Q: Marty, were you surprised by the surge in popularity of old-time and bluegrass music that many attributed to the movie, O Brother, Where Art Thou? and would you agree with that as being one of the reasons for this renaissance?

A: Absolutely. Go back further to the movie Deliverance in the 1970s. When I was in Lester’s band, he was coasting along as an old legend, kind of a weary musical Opry act, and we (were playing) the way it was since 1945 when he first hit town. Just kind of going through the motions. And “Dueling Banjos” was a song we played on stage every night, and unknowingly it was in the movie Deliverance, played by somebody else, but everybody thought it was us. And one night we were on the stage with Chick Corea and Kool and the Gang, we played that song and it blew up, and we encored like nine times throughout the evening, and the next day we were rock stars. We were playing the Grand Ole Opry on the weekend, and playing shows with rock and roll bands during the week, and hippie bluegrass festivals. I saw it happen then, bluegrass had a big resurgence, then it settled down. And when O Brother, Where Art Thou came along, it did the same thing for a different group of people. Movies, when they’re done right, will help anybody’s culture or sub-genre.

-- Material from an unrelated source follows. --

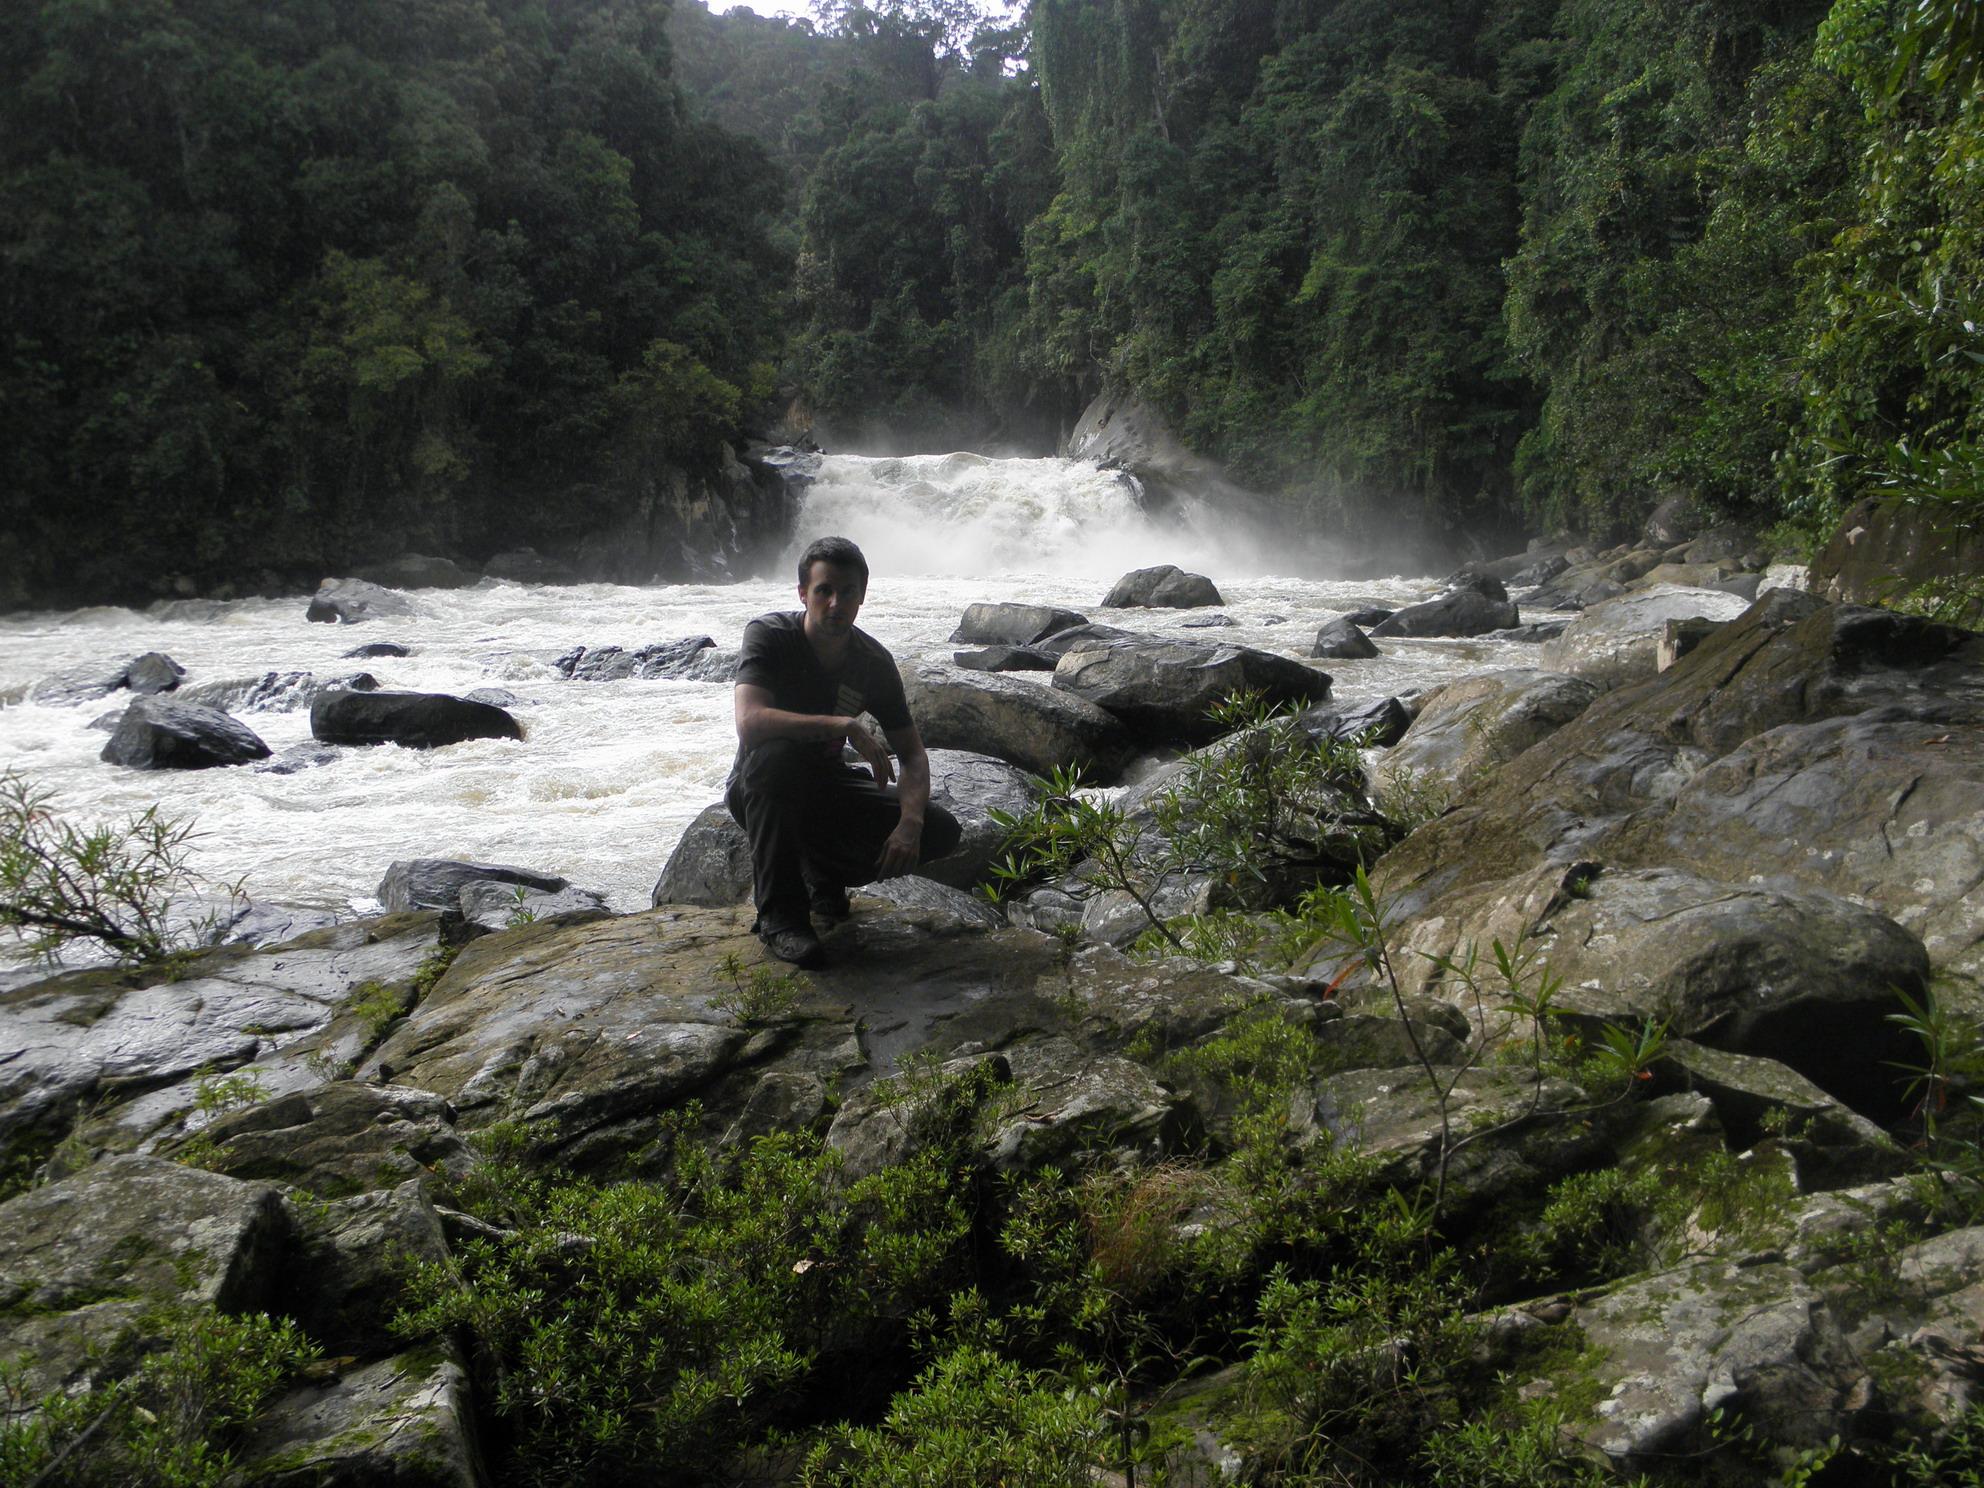 kayan mentarang park, jungle, dayak, culture, rain forest, guide, tour, borneo, indonesia, trip

Q: What’s neat about your look, Marty, with your ‘big hair’ and glitzy outfits, is it’s definitely a throwback to the vintage country look, definitely the Opry look, but at the same time you are in the moment with a rock star presence.

A: When I was a kid, we went on a field trip the state capitol in Jackson, Mississippi. I think my mom had given be a 20-dollar bill to take with me that day. I looked up on the walls of all the paintings of all those old characters, with high collar and Mozart-looking hair, and I looked at my twenty dollar bill and there was Andrew Jackson, and I thought: that’s a cool look. Between that, and the black culture that was around Philadelphia, Miss., the street musicians who were the flashiest characters in town, and the cowboy suit, I thought there was something in there I needed to explore.

Q: Tell us about your new album, Nashville, Volume 1: Tear the Woodpile Down.

A: Well, it’s kind of a lineage that started five years ago. I produced Porter Waggoner’s final album, named Wagonmaster, and then we made a record called “Ghost Train,” then I produced a record of my wife, Connie, Long Line of Heartaches, and I’m just in a very traditional country music state of mind right now. Nashville, Volume 1: Tear the Woodpile Down is just a follow up to all those records, and we’re in mid-flight in a wonderful creative space. We have real country music, authentic country music, flying in all directions around here at the moment, and I love it.

Q: Your song, “Now That’s Country,” you mention fishin’, a pick-up truck, a dog, a rockin’ chair on the front porch, a jug of homemade wine, lying in a field of clover late at night to watch the stars, and from your lyrics: well that’s country, I was raised on that Mississippi mile. Are you still a Mississippi country boy at heart?

A: Without question. Connie and I just got back from my farm in Mississippi, and spent the last three days on my Grandpa’s farm. I promise that Mississippi feeling feeds me wherever I go.